--- Dataset extract ---
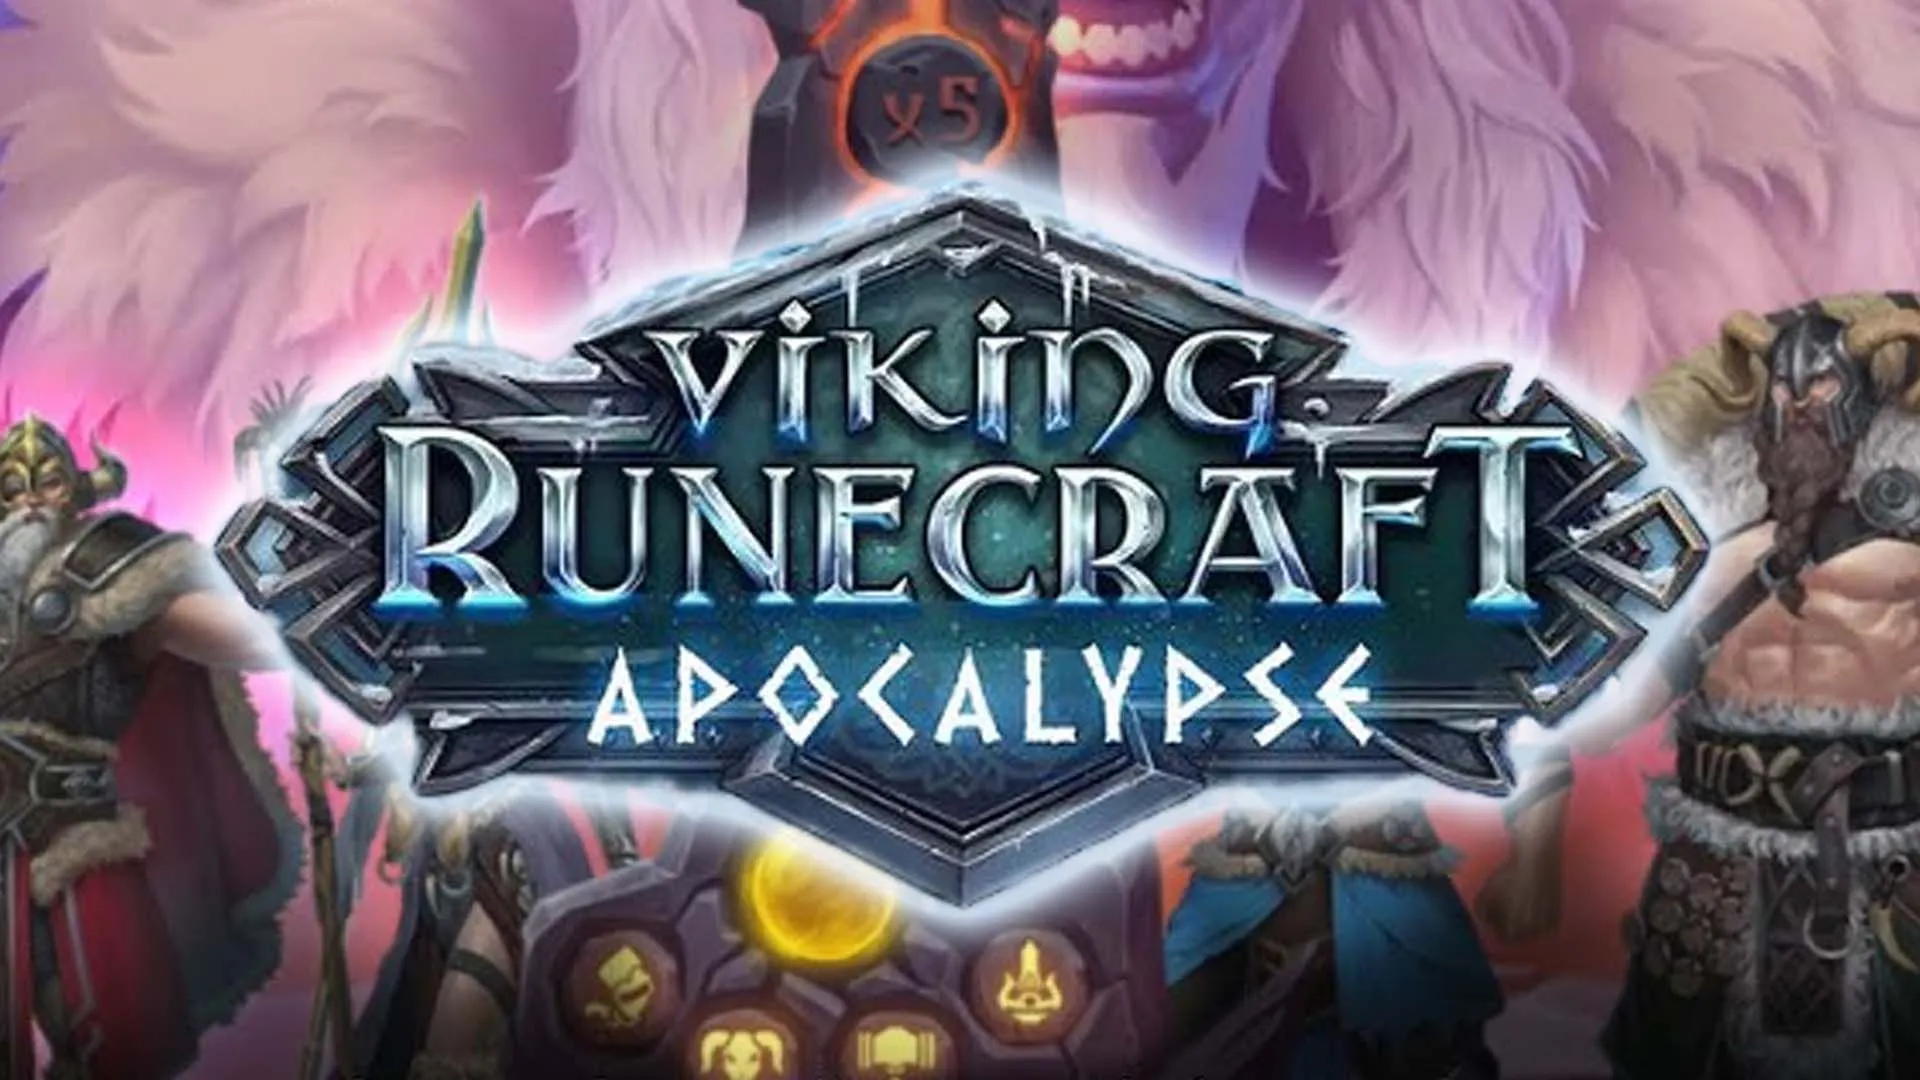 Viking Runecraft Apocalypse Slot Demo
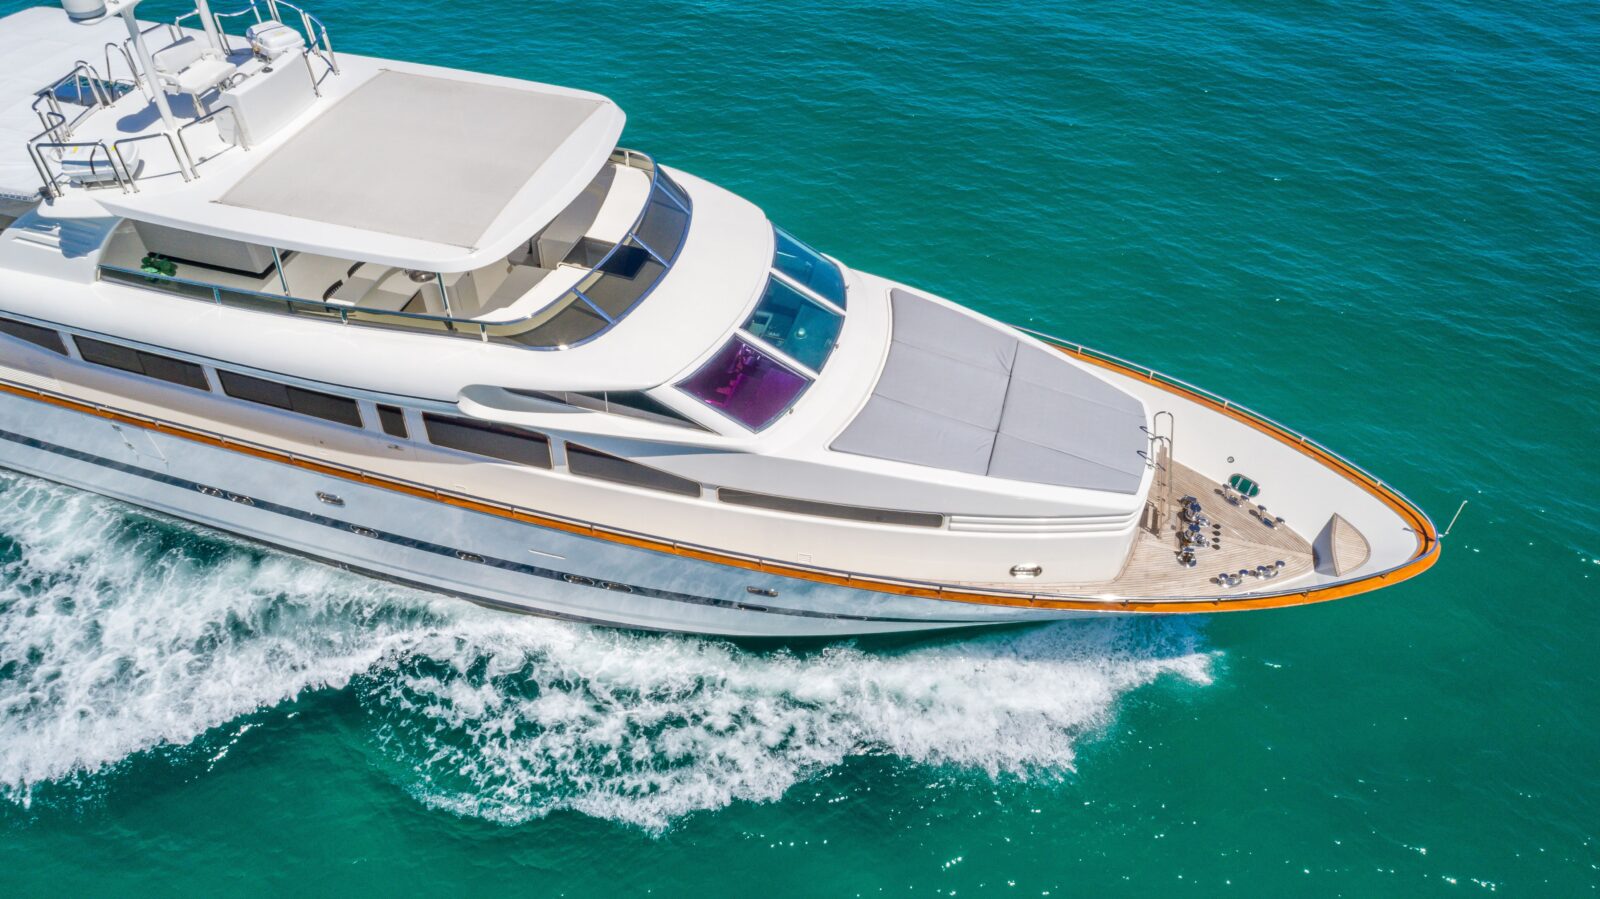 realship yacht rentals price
---
--- Dataset extract ---
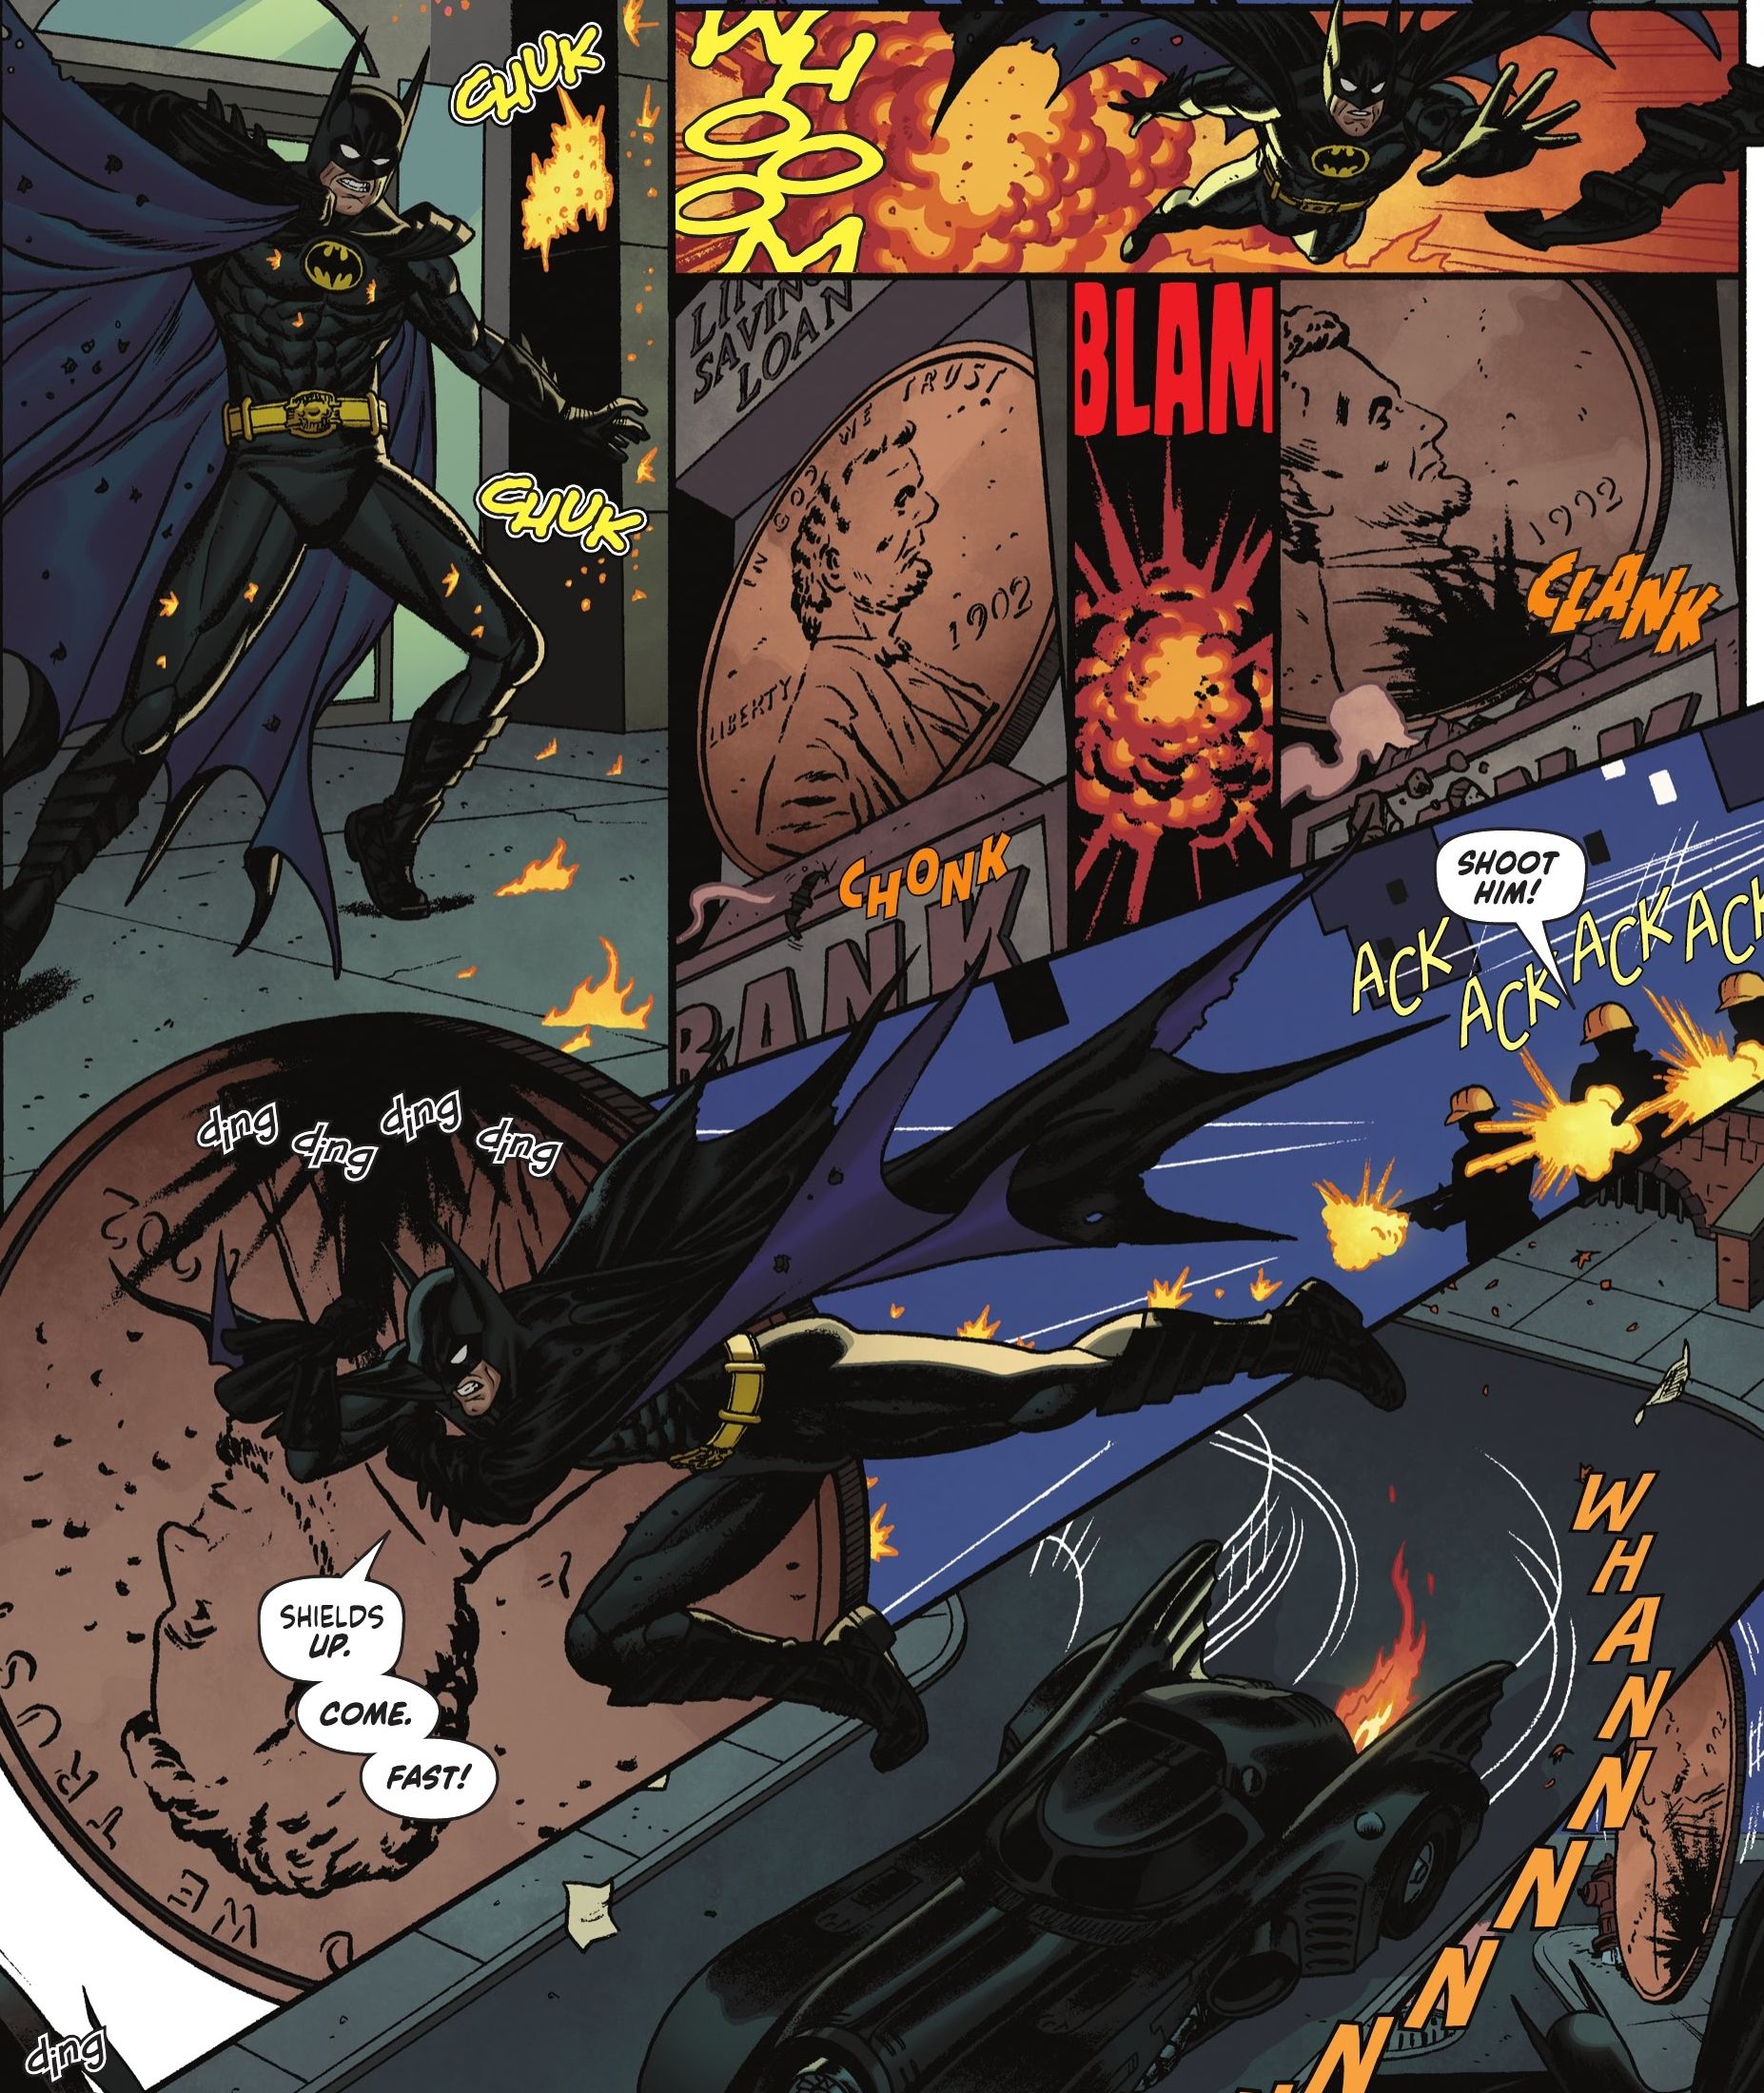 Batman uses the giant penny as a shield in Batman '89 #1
---
--- Dataset extract ---
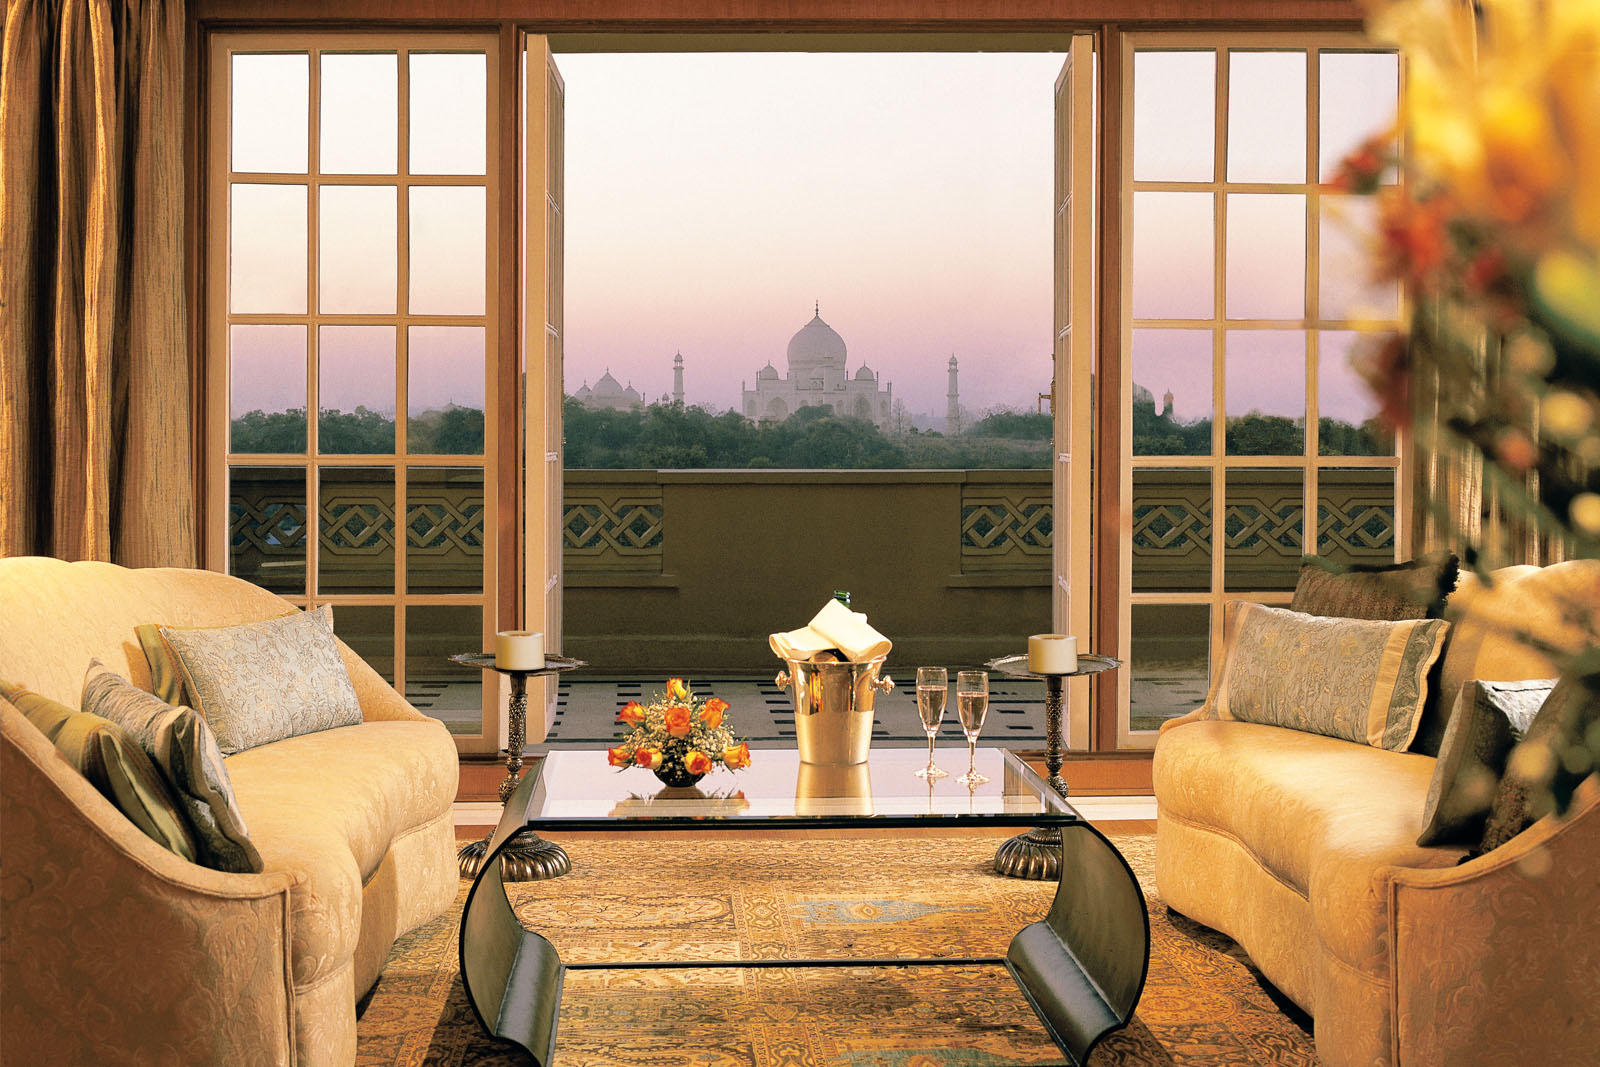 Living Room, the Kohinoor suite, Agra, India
---
● **What you will do**:
The answer must be the part of the records that opens with the line containing "Viking Runecraft Apocalypse Slot Demo" and closes with the line containing "realship yacht rentals price", reproduced exactly, with no pictures.

● **Result of the task**:
 Viking Runecraft Apocalypse Slot Demo
 realship yacht rentals price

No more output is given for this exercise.